Faraday Future announced on Sunday its intention to execute a one-for-three reverse stock split in a bid to comply with listing requirements. The move, set to take effect on February 29, will mark the company’s second reverse stock split in five months, following a series of challenges that led to a drastic decline in its market value last year.
On Friday, Faraday Future’s shares closed at $0.09, valuing the company at approximately $11 million. The decision to pursue a reverse stock split was prompted by a notice from the Nasdaq in December, warning of a potential delisting due to the company’s shares trading below the exchange’s $1 minimum price for 30 consecutive business days.
Faraday Future has faced significant hurdles, including production delays that have persisted for years.

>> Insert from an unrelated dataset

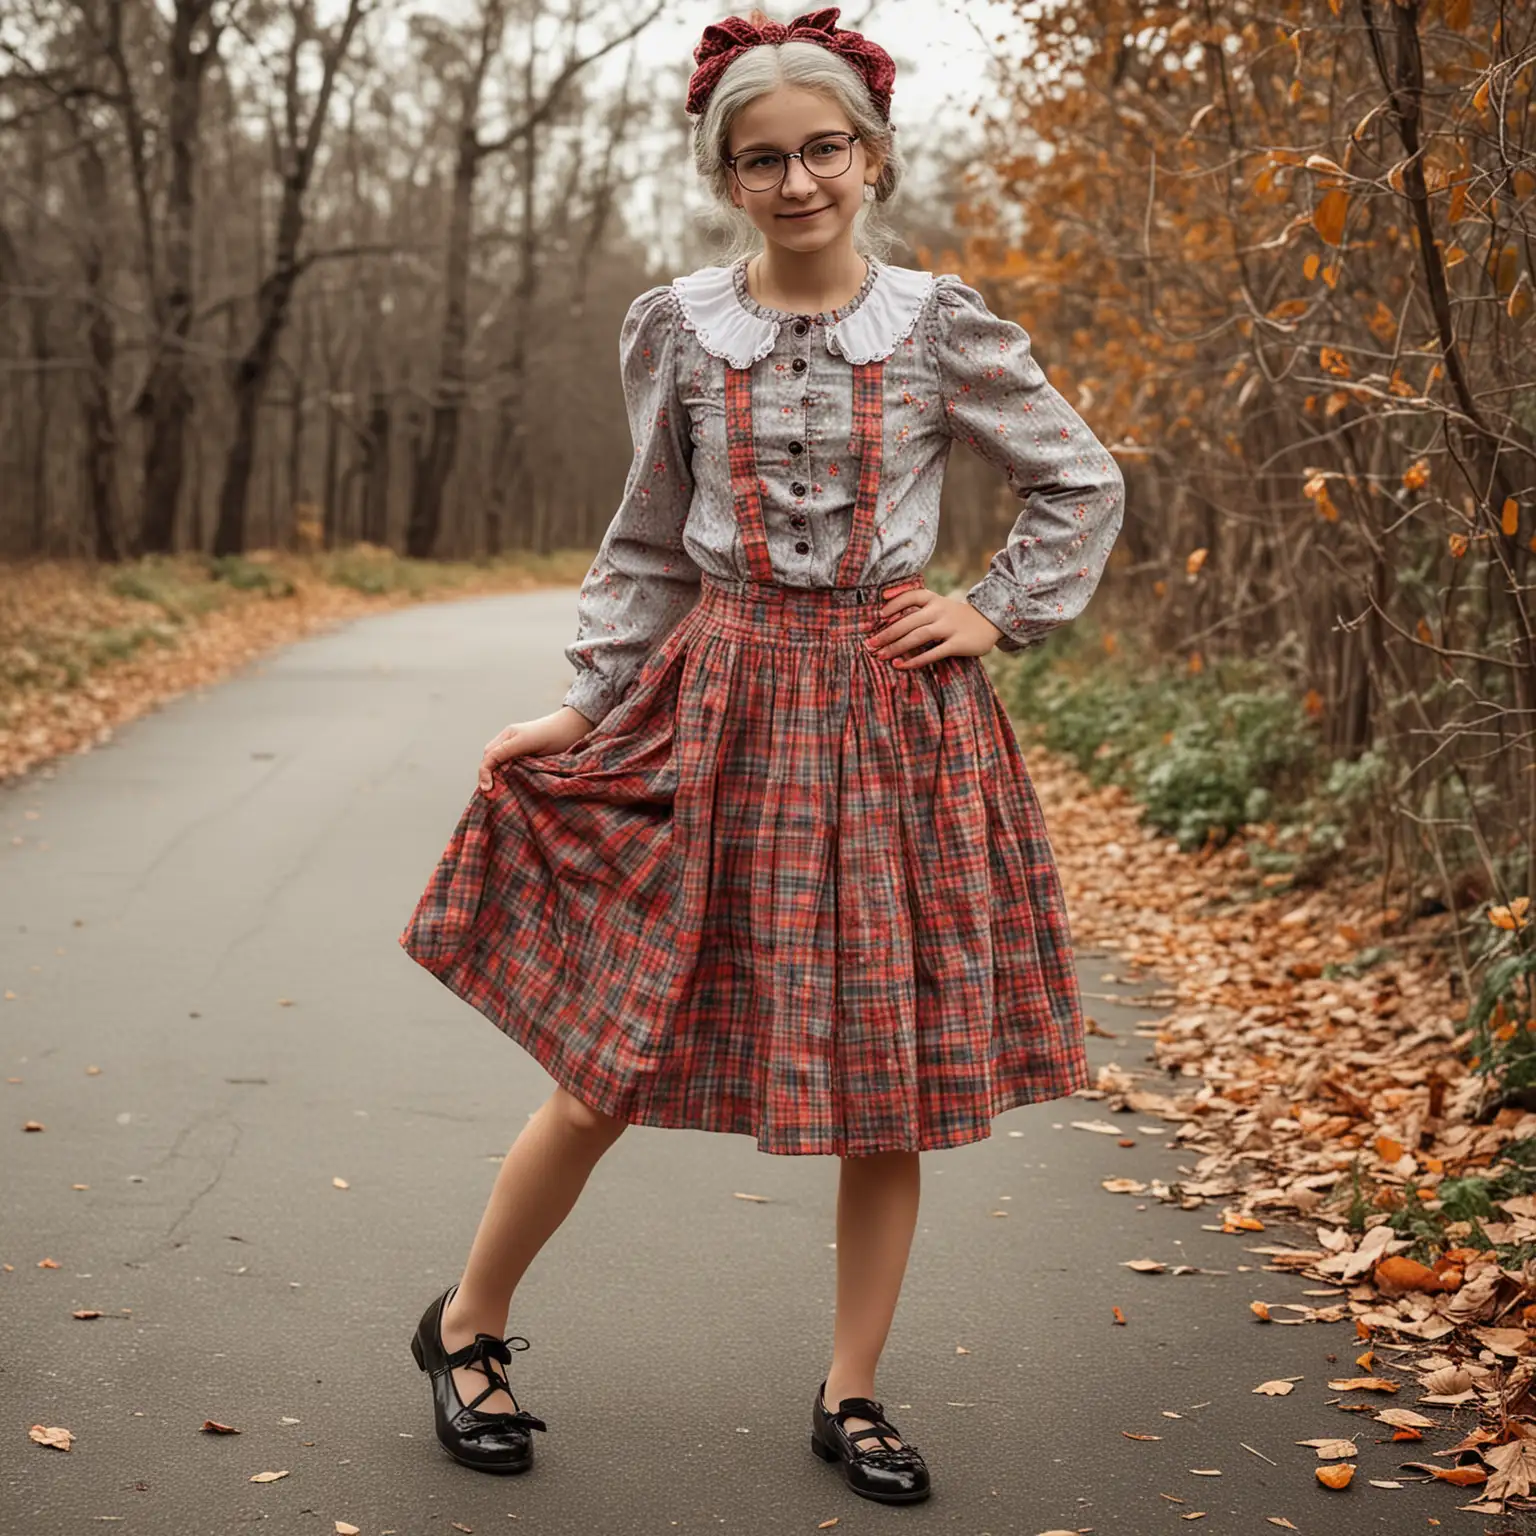 Teenage Girl in Halloween Granny Costume with Shoes
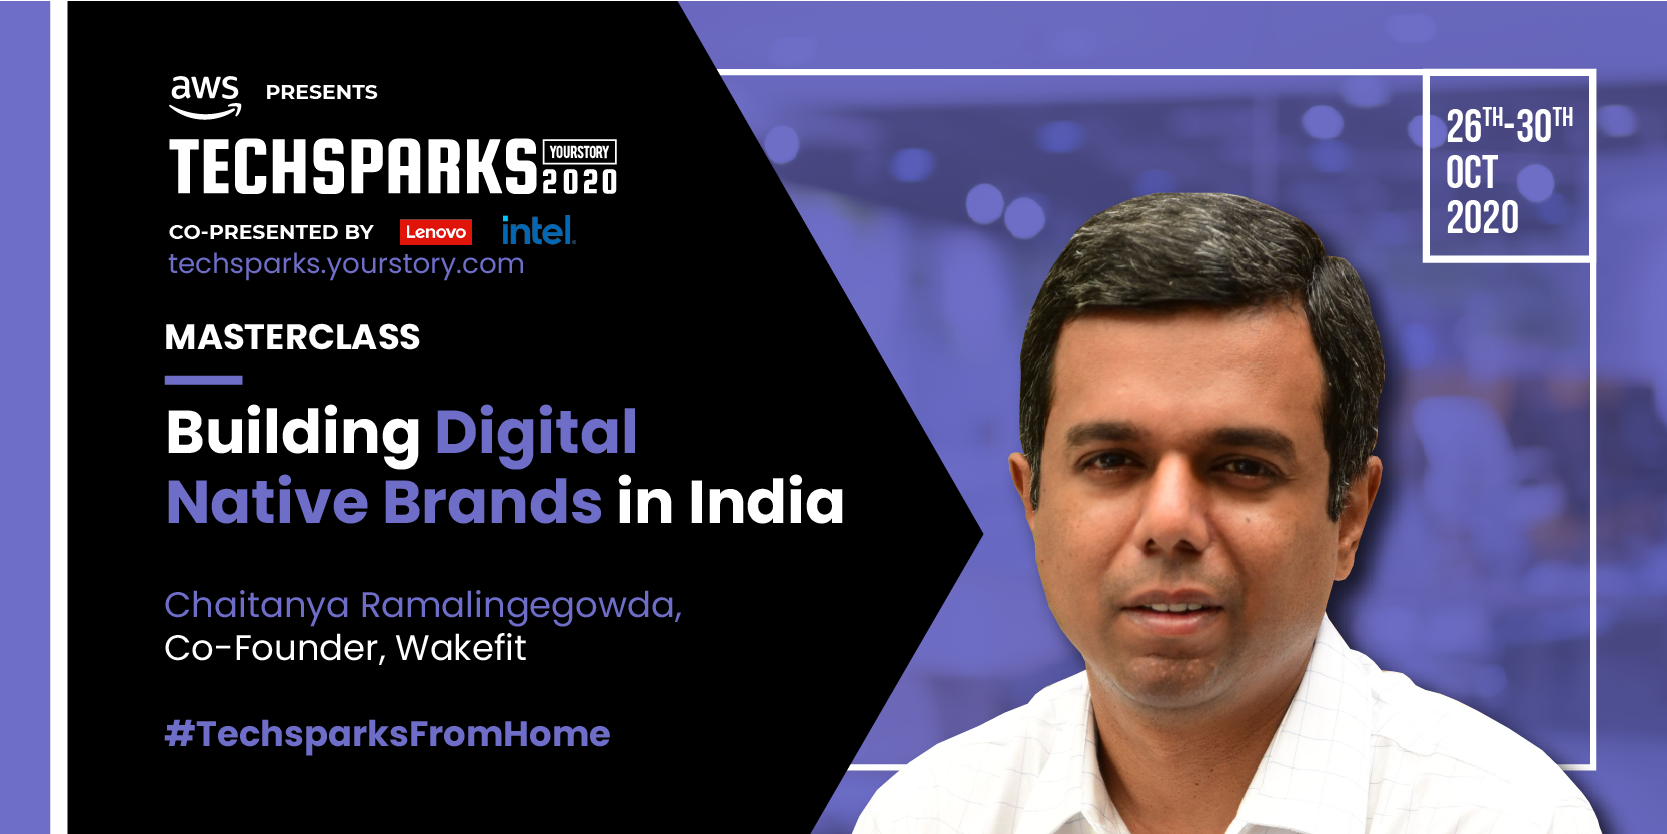 [TechSparks 2020] It is vital to build customer trust to sustain your digital brand, says Chaitanya Ramalingegowda of Wakefit

In the quarter ending in September, the company reported a loss of $78.05 million.
According to research firm Canalys, the growth rate of the global EV market is projected to slow to 27.1% this year, down from an estimated 29% in 2023. Faraday Future’s peer, EV firm Nikola, is also at risk of delisting, with its shares trading below $1, a stark contrast from its peak of $80 shortly after its public debut in June 2020.
CEO Matthias Aydt commented on Monday that the company is focusing on achieving cash flow breakeven rather than rapidly scaling production, a strategy aimed at avoiding the pitfalls experienced by many of its competitors.
These remarks come in the wake of forecasts from rivals Rivian Automotive and Lucid Group, both of which anticipate 2024 production levels below previous estimates, citing a slowdown in EV demand.